ShinRL: A Library for Evaluating RL Algorithms from Theoretical and Practical Perspectives

Last update: Dec 28, 2022

Related tags

Overview

Status: Under development (expect bug fixes and huge updates)

ShinRL: A Library for Evaluating RL Algorithms from Theoretical and Practical Perspectives

ShinRL is an open-source JAX library specialized for the evaluation of reinforcement learning (RL) algorithms from both theoretical and practical perspectives. Please take a look at the paper for details.

QuickStart

Try ShinRL at: experiments/QuickStart.ipynb.

import gym
from shinrl import DiscreteViSolver
import matplotlib.pyplot as plt

# make an env & a config
env = gym.make("ShinPendulum-v0")
config = DiscreteViSolver.DefaultConfig(explore="eps_greedy", approx="nn", steps_per_epoch=10000)

# make mixins
mixins = DiscreteViSolver.make_mixins(env, config)
# mixins == [DeepRlStepMixIn, QTargetMixIn, TbInitMixIn, NetActMixIn, NetInitMixIn, ShinExploreMixIn, ShinEvalMixIn, DiscreteViSolver]

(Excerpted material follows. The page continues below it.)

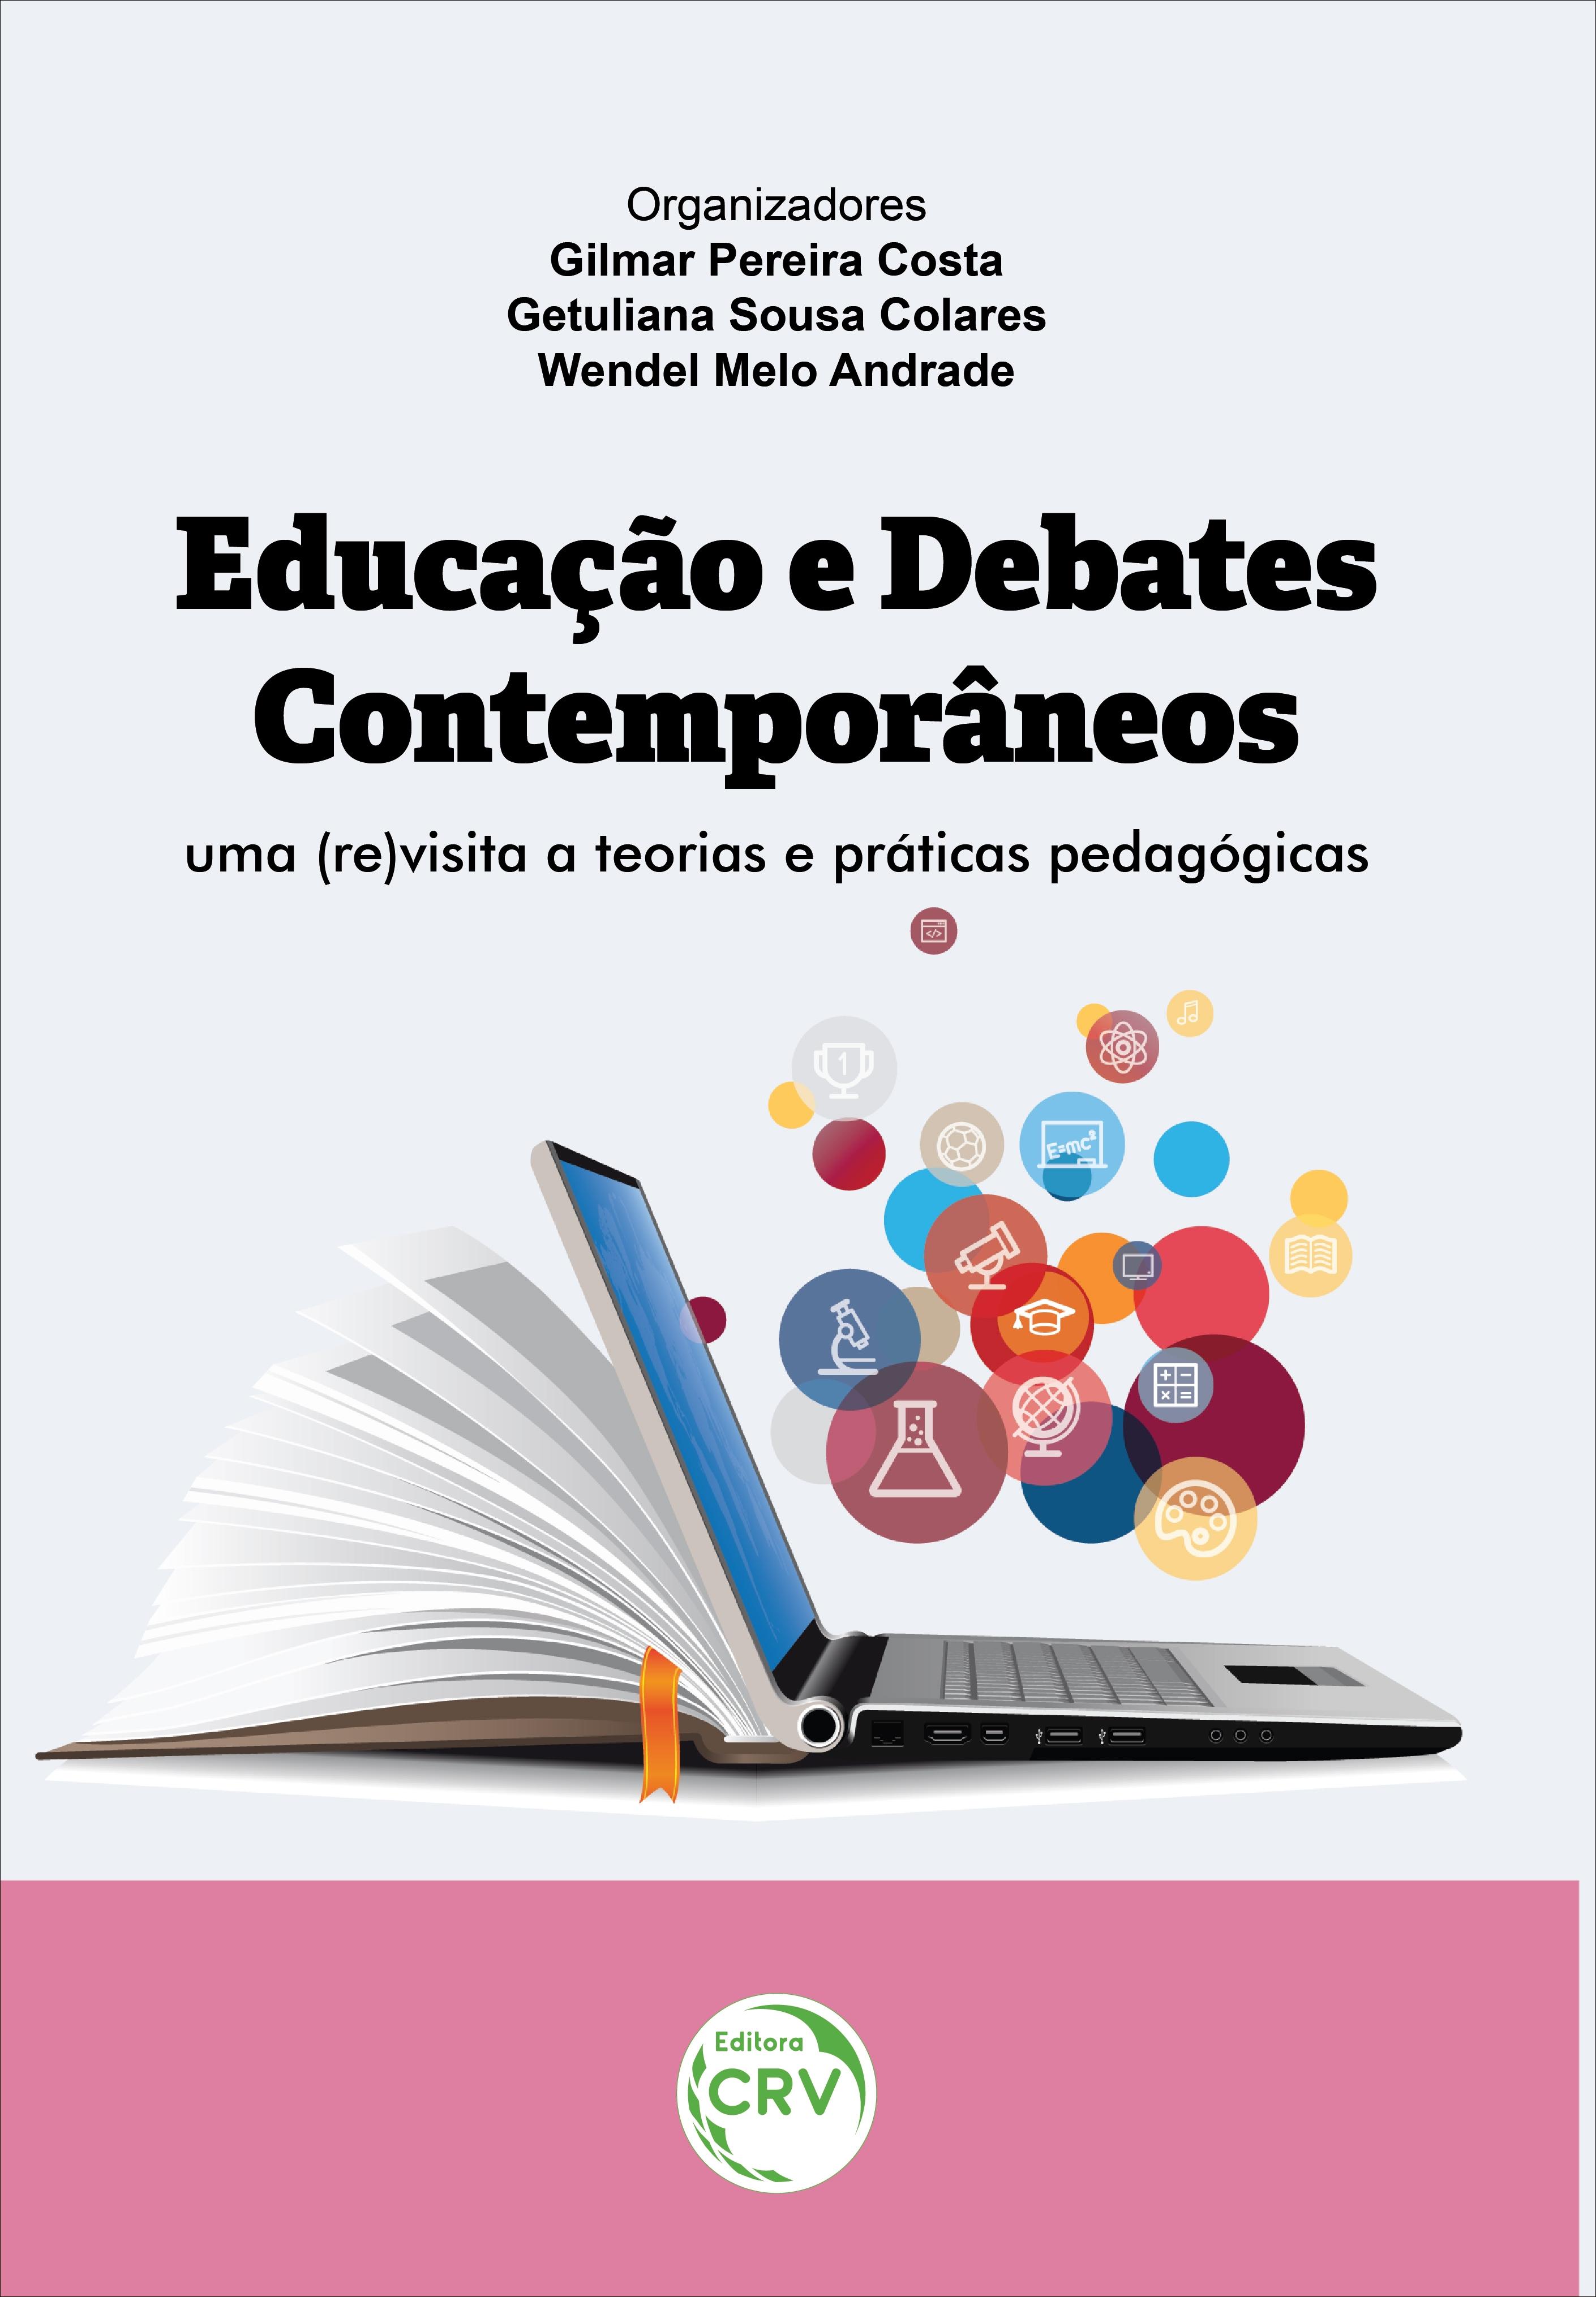 Capa do livro: EDUCAÇÃO E DEBATES CONTEMPORÂNEOS: <br>uma (re)visita a teorias e práticas pedagógicas

# (optional) arrange mixins
# mixins.insert(2, UserDefinedMixIn)

# make & run a solver
dqn_solver = DiscreteViSolver.factory(env, config, mixins)
dqn_solver.run()

# plot performance
returns = dqn_solver.scalars["Return"]
plt.plot(returns["x"], returns["y"])

# plot learned q-values  (act == 0)
q0 = dqn_solver.tb_dict["Q"][:, 0]
env.plot_S(q0, title="Learned")

# plot oracle q-values  (act == 0)
q0 = env.calc_q(dqn_solver.tb_dict["ExploitPolicy"])[:, 0]
env.plot_S(q0, title="Oracle")

# plot optimal q-values  (act == 0)
q0 = env.calc_optimal_q()[:, 0]
env.plot_S(q0, title="Optimal")

⚡ Key Modules

ShinRL consists of two main modules:

ShinEnv: Implement relatively small MDP environments with access to the oracle quantities.
Solver: Solve the environments (e.g., finding the optimal policy) with specified algorithms.

🔬 ShinEnv for Oracle Analysis

ShinEnv provides small environments with oracle methods that can compute exact quantities:
- calc_q computes a Q-value table containing all possible state-action pairs given a policy.
- calc_optimal_q computes the optimal Q-value table.
- calc_visit calculates state visitation frequency table, for a given policy.
- calc_return is a shortcut for computing exact undiscounted returns for a given policy.
Some environments support continuous action space and image observation. See the following table and shinrl/envs/__init__.py for the available environments.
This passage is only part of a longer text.